TASK TO CARRY OUT: Only the pictures are to be dropped, and the rest of the data should be copied exactly.

━━━ INPUT DATA ━━━

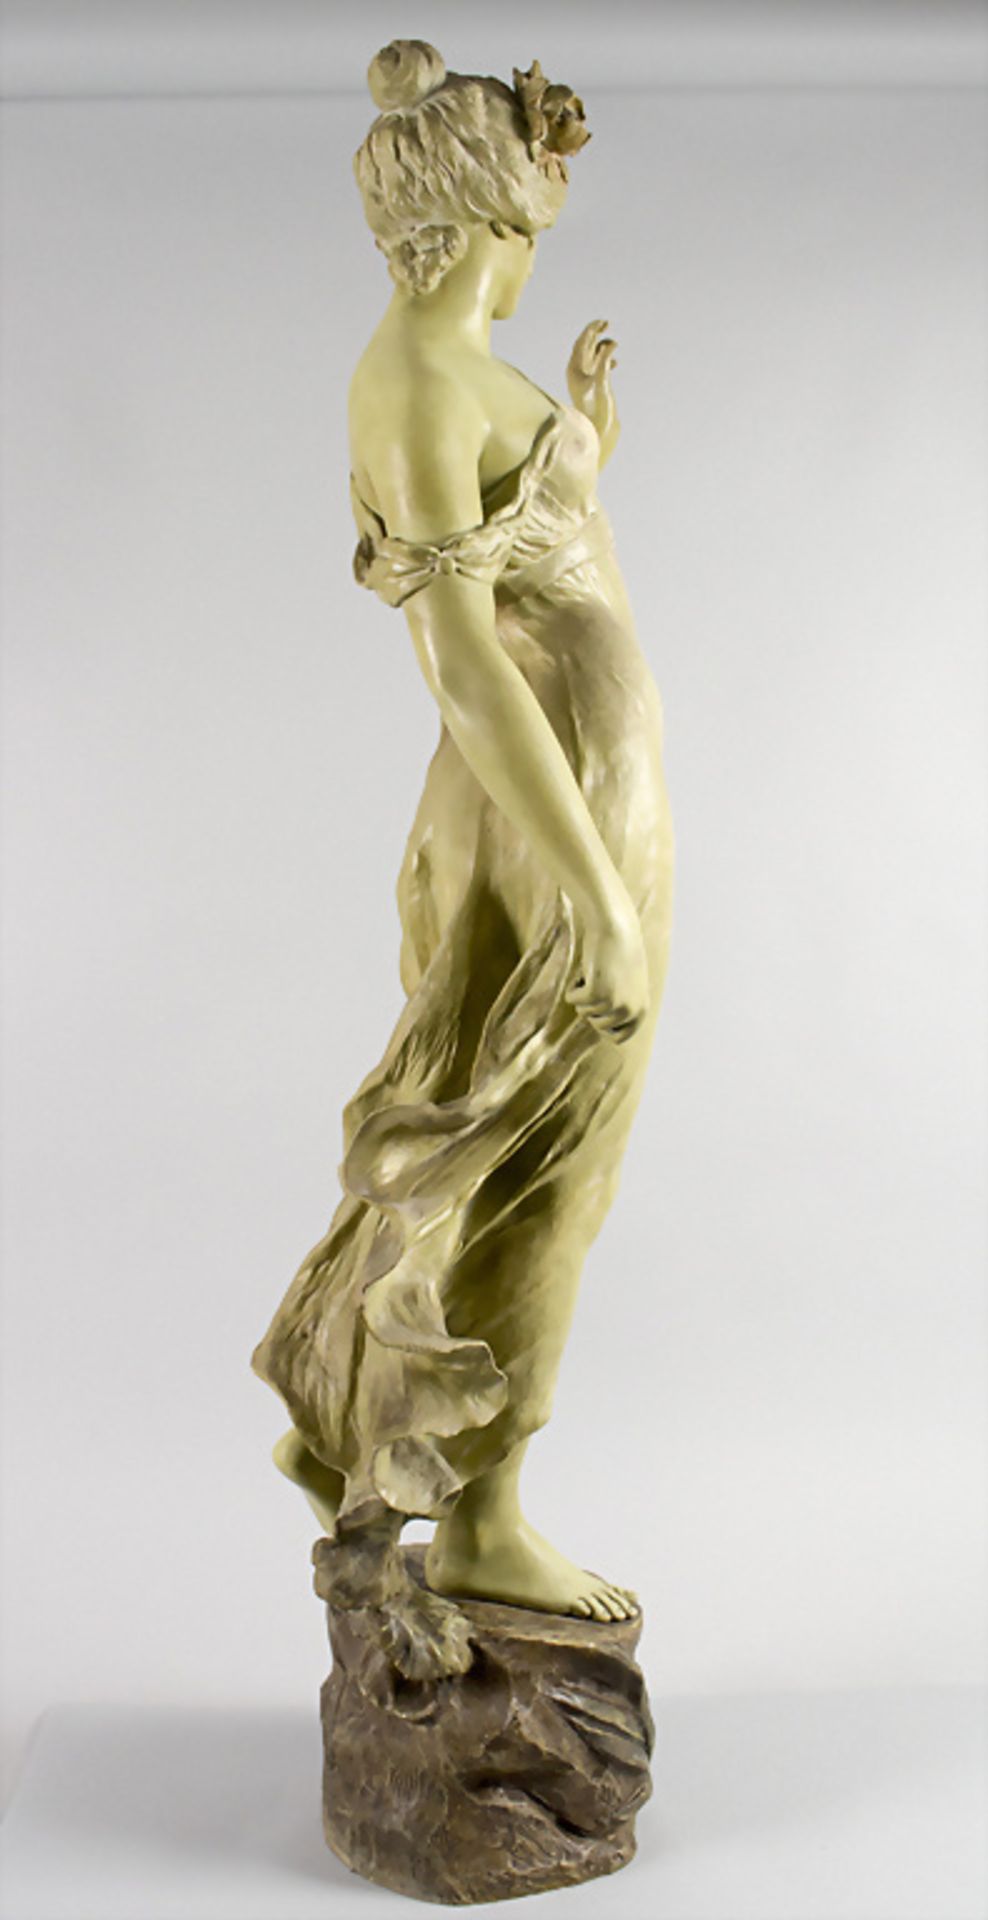 Jugendstil-Skulptur 'Tänzerin' / An Art Nouveau sculpture 'Dancer', Goldscheider, Wien, um 1900 - Image 5 of 9
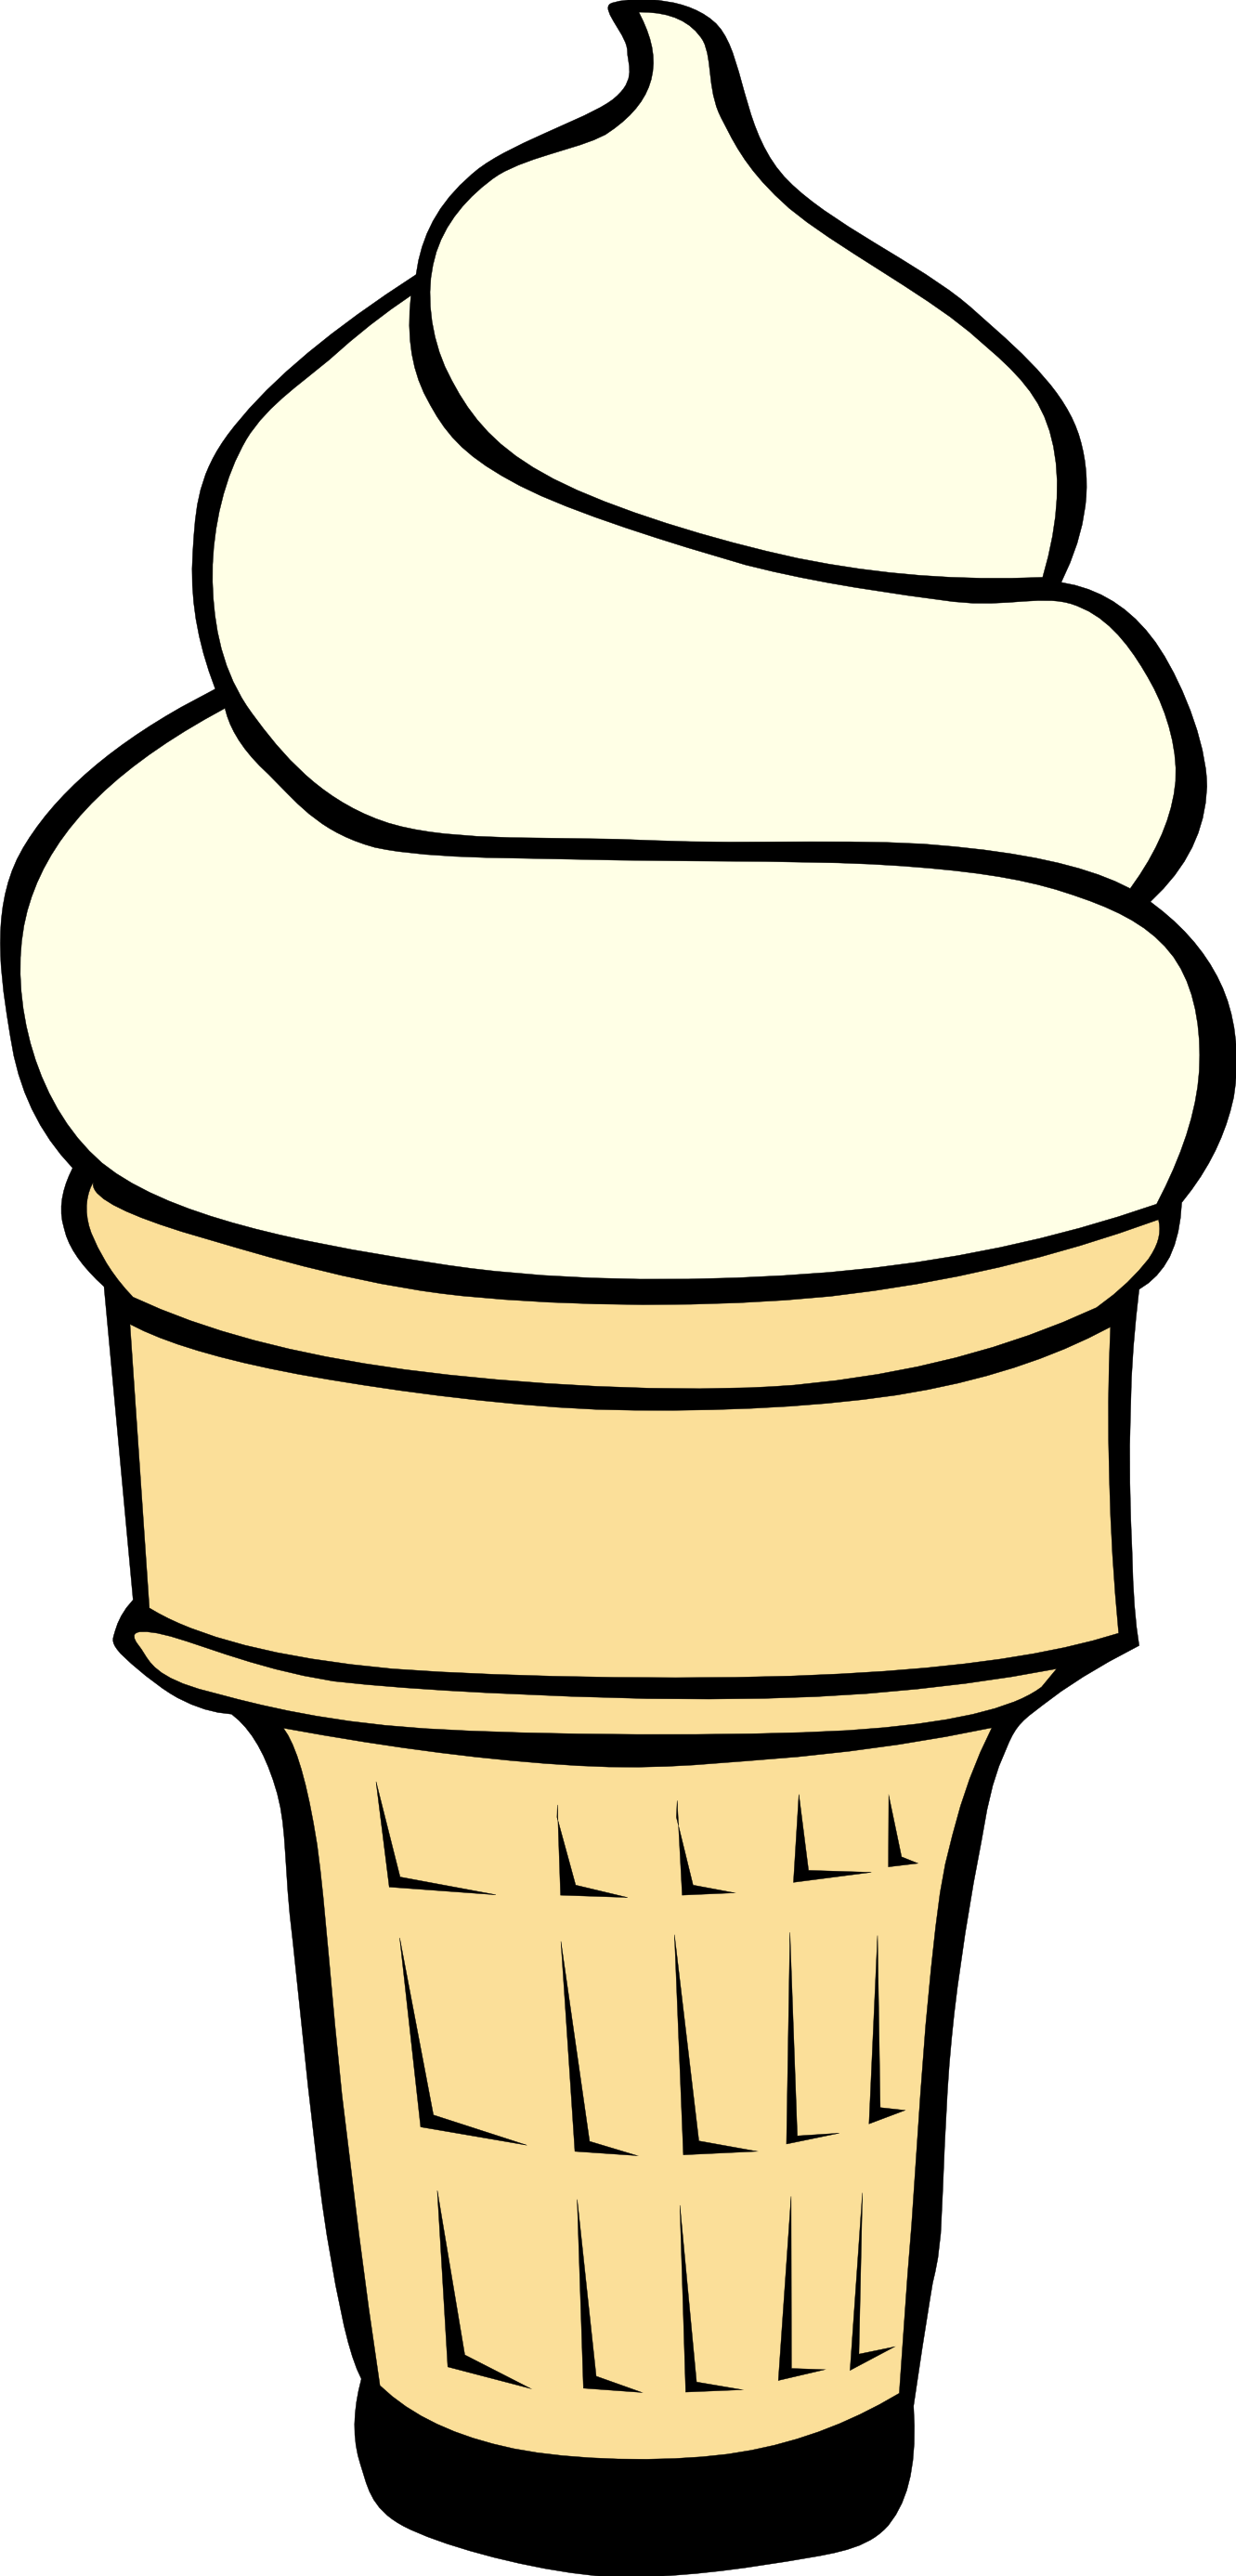 Ice Cream Clip Art Borders Free | Clipart Panda - Free Clipart Images
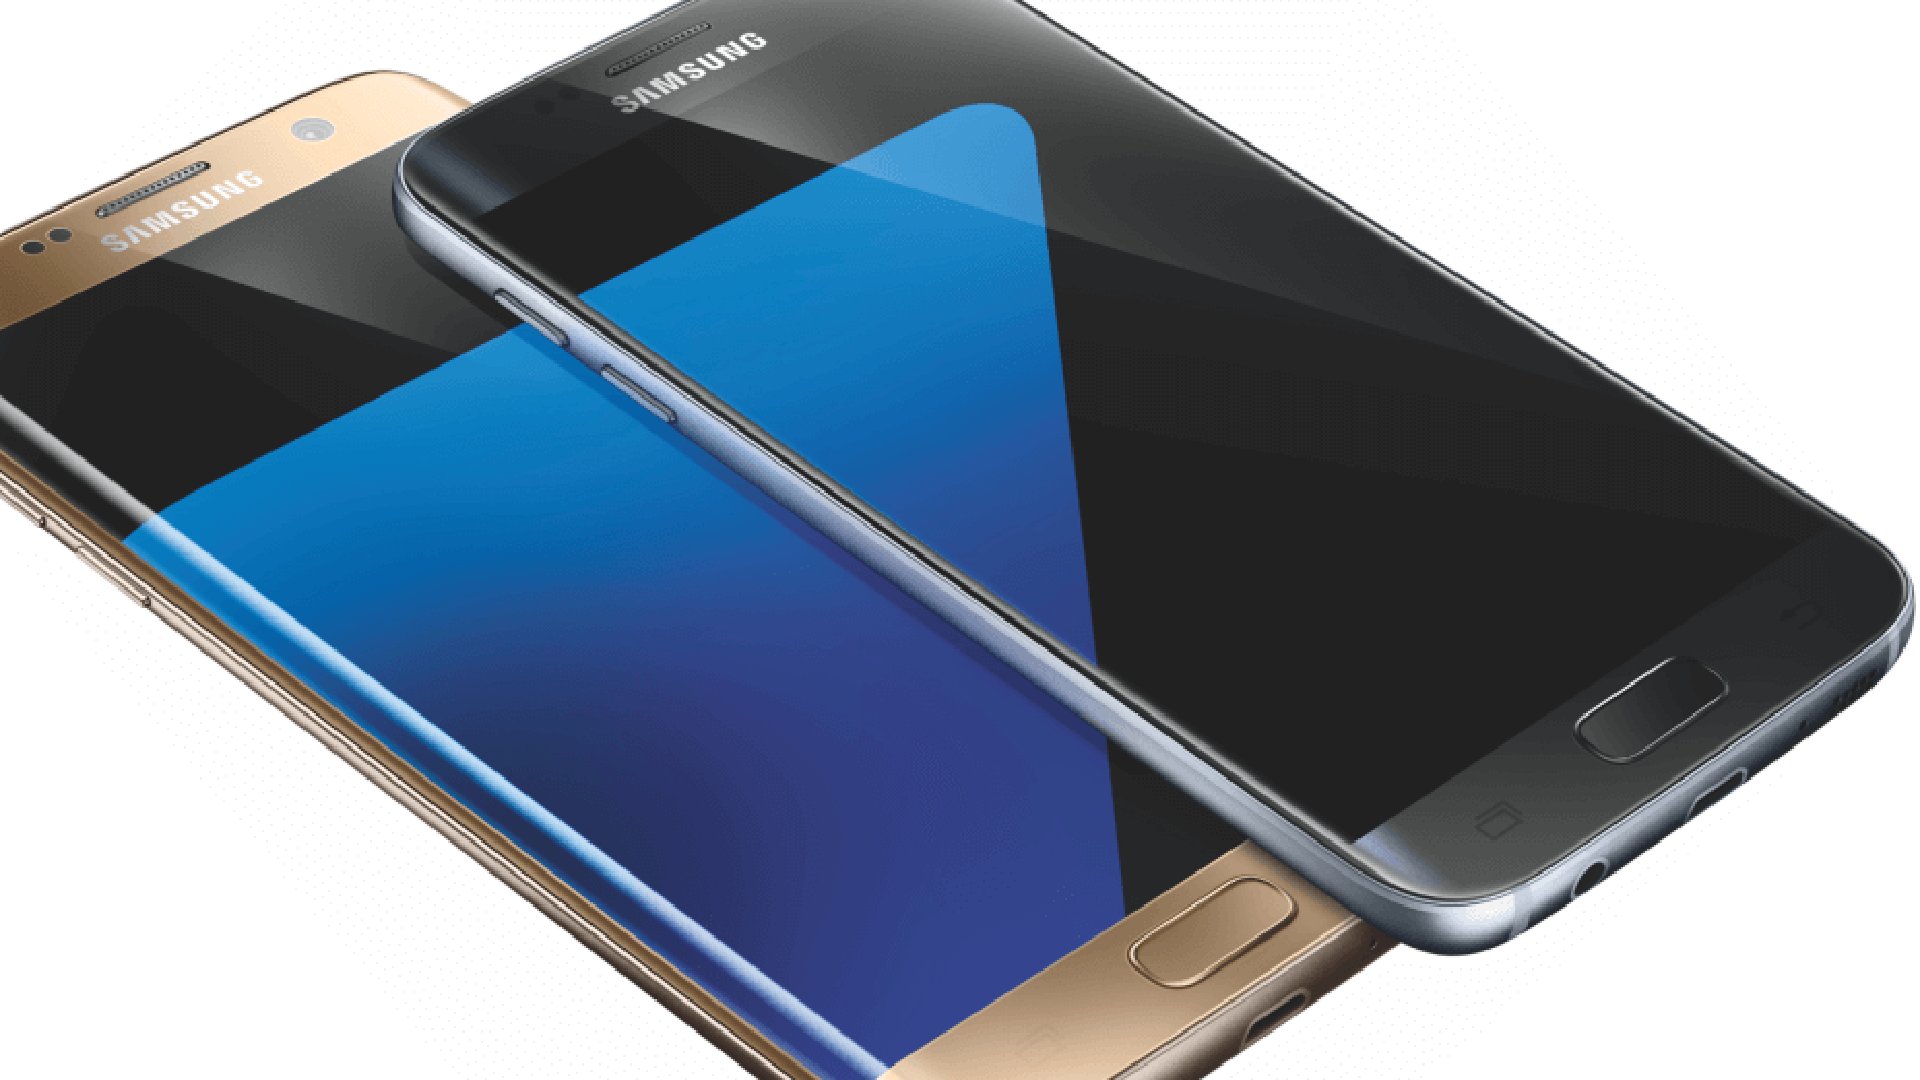 Samsung Galaxy S7 & Galaxy S7 Edge - Leaked Render
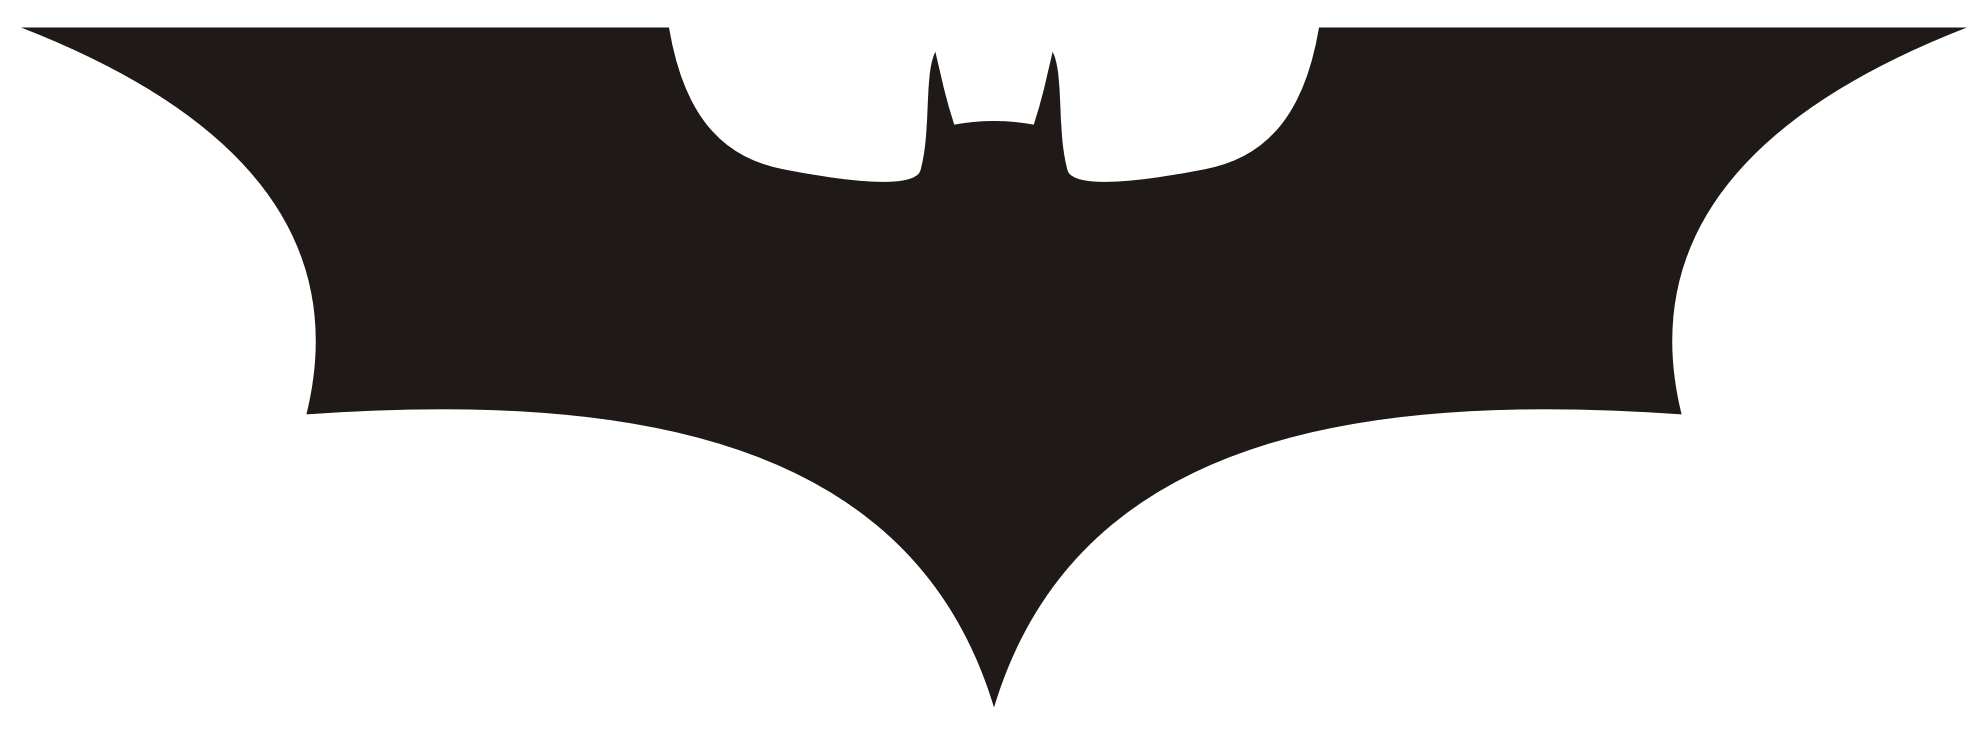 Batman 9 Vector logo - Free v

━━━

RESPONSE BELOW:
 Jugendstil-Skulptur 'Tänzerin' / An Art Nouveau sculpture 'Dancer', Goldscheider, Wien, um 1900 - Image 5 of 9
 Ice Cream Clip Art Borders Free | Clipart Panda - Free Clipart Images
 Samsung Galaxy S7 & Galaxy S7 Edge - Leaked Render
 Batman 9 Vector logo - Free v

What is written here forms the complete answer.